Duncan Sun, 29 May 2016 14:13:04 -0700

Chris Johnson posted on Sun, 29 May 2016 09:33:49 -0700 as excerpted:

> Situation: A six disk RAID5/6 array with a completely failed disk. The
> failed disk is removed and an identical replacement drive is plugged in.


First of all, be aware (as you already will be if you're following the 
list) that there are currently two, possibly related, (semi-?)critical 
known bugs still affecting raid56 mode, with the result being that 
despite raid56 nominal completion in 3.19 and fix of a couple even more 
critical bugs early on, by 4.1 release, raid56 mode remains negatively 
recommended for anything but testing.

One of the two bugs is that restriping (as done by balance either with 
the restripe filters after adding devices or triggered automatically by 
device delete) can, in SOME cases only, with the trigger variable unknown 
at this point, can take an order of magnitude (or even more) longer than 
it should -- we're talking over a week for a rebalance that would be 
expected to be done in under a day, upto possibly months for the multi-TB 
filesystems that are a common use-case for raid5/6, that might be 
expected to take a day or two under normal circumstances.

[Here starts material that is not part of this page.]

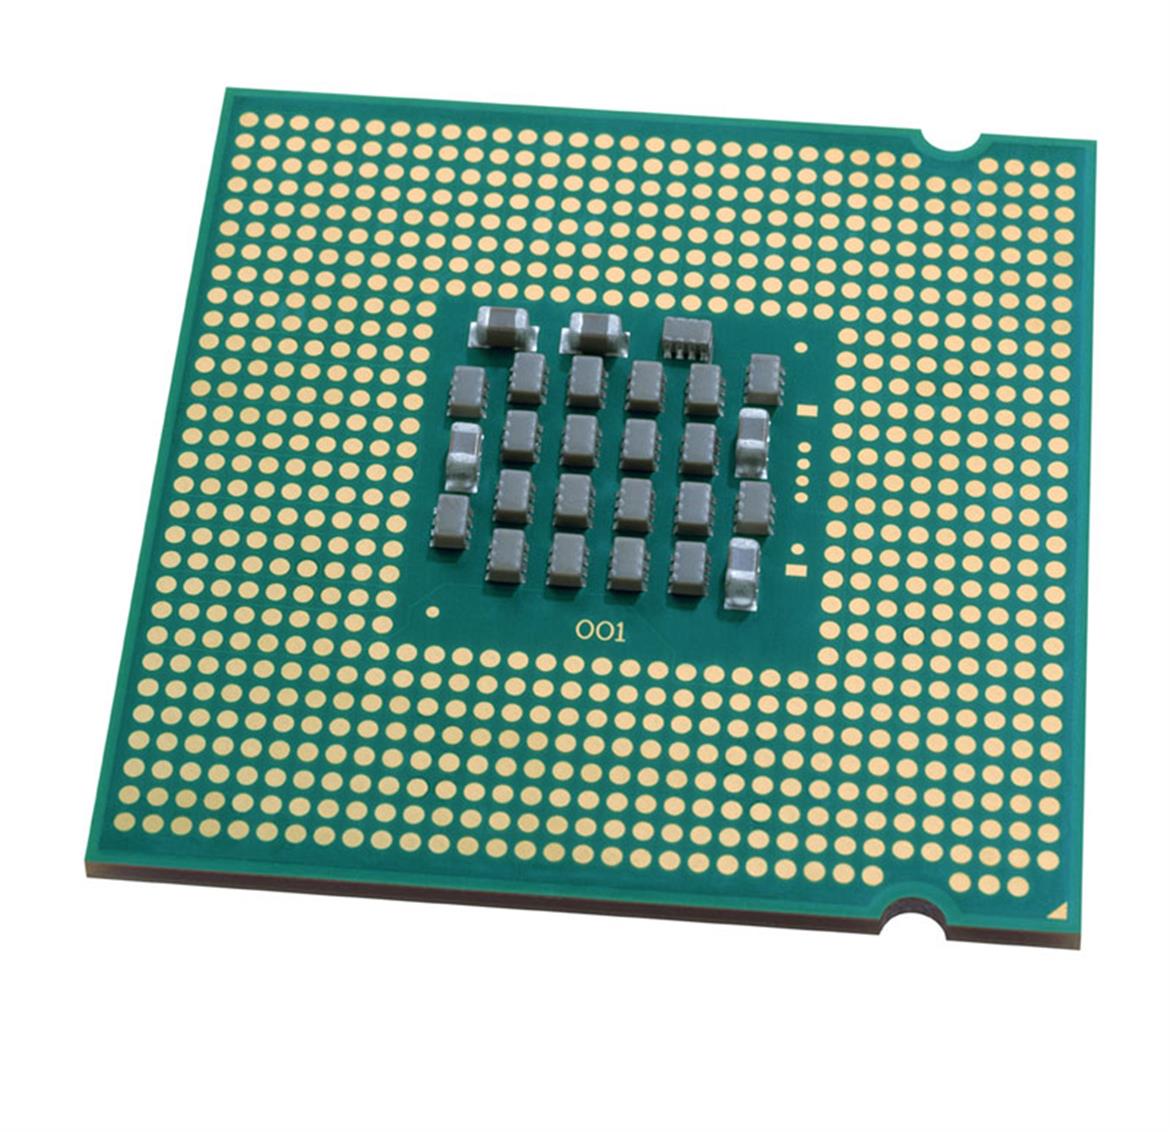 Intel Pentium 4 6XX Sequence and 3.73GHz Extreme Edition Processors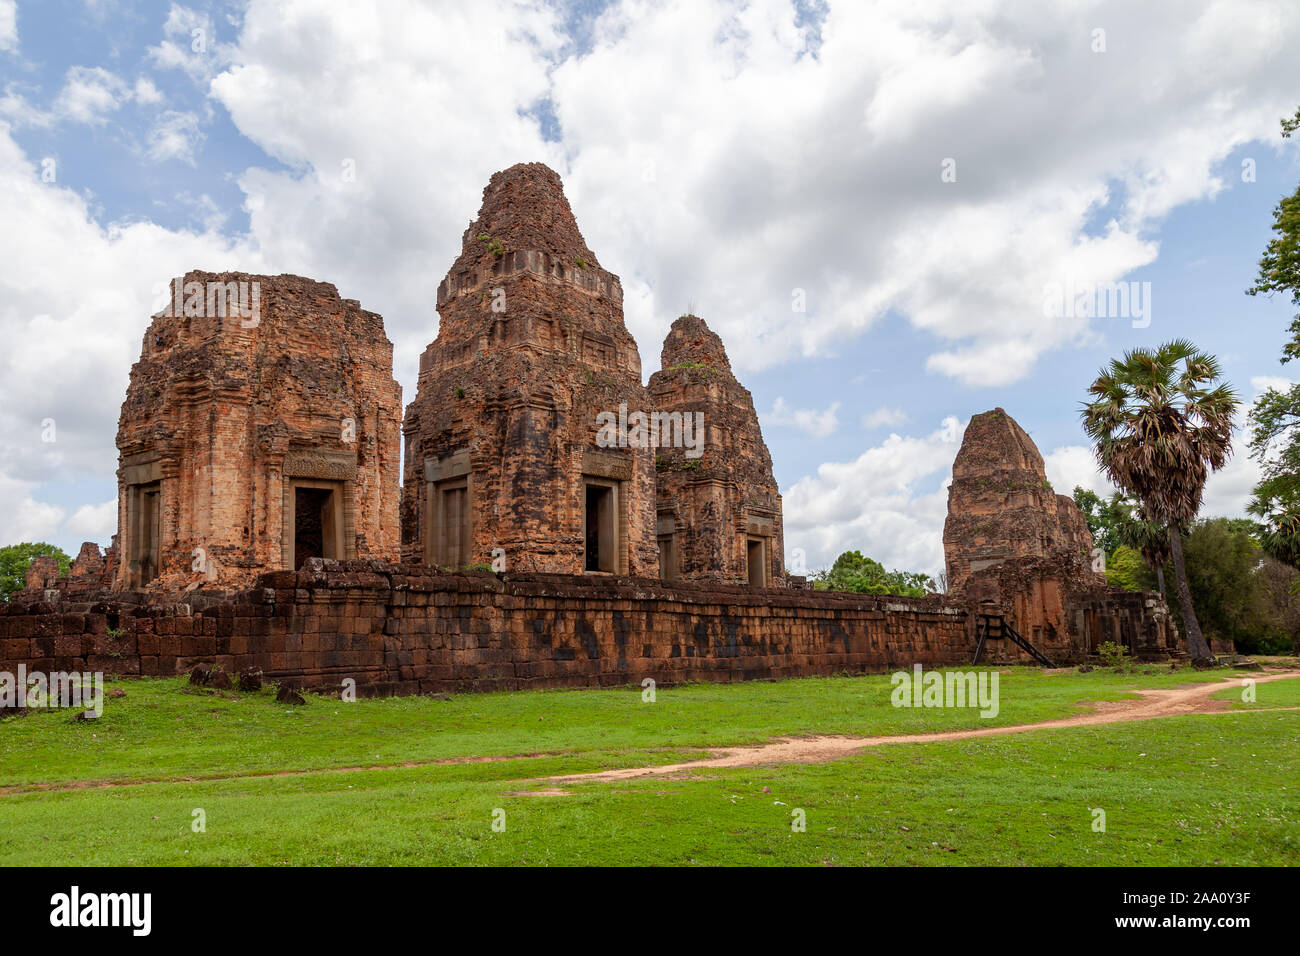 East Baray temple in rainy season. This is one of the bigger temples with nice elephant statues in Siem Reap, Cambodia. Rainy season makes for nice co Stock Photo

This rises to critical because other than the impractical time involved, 
once you're talking weeks to months restripe time, the danger of another 
device going out, thereby killing the entire array, increases 
unacceptably, to the point that raid56 cannot be considered usable for 
the normal things people use it for, thus the critical bug rating even if 
in theory the restripe is completing correctly and the data isn't in 
immediate danger.

Obviously you're not hitting it if your results show balance as 
significantly faster, but because we don't know what triggers the problem 
yet, that's no guarantee that you won't hit it later, after somehow 
triggering the problem.

The second bug is equally alarming, but in a different way.  A number of 
people have reported that replacing (by one method or the other) a first 
device appears to work, but if a second replace is attempted, it kills 
the array(!!), so obviously something's going wrong with the first 
replace as it's not returning the array to full undegraded functionality, 
even tho all the current tools as well as operations before the second 
replace is attempted suggest that it has done just that.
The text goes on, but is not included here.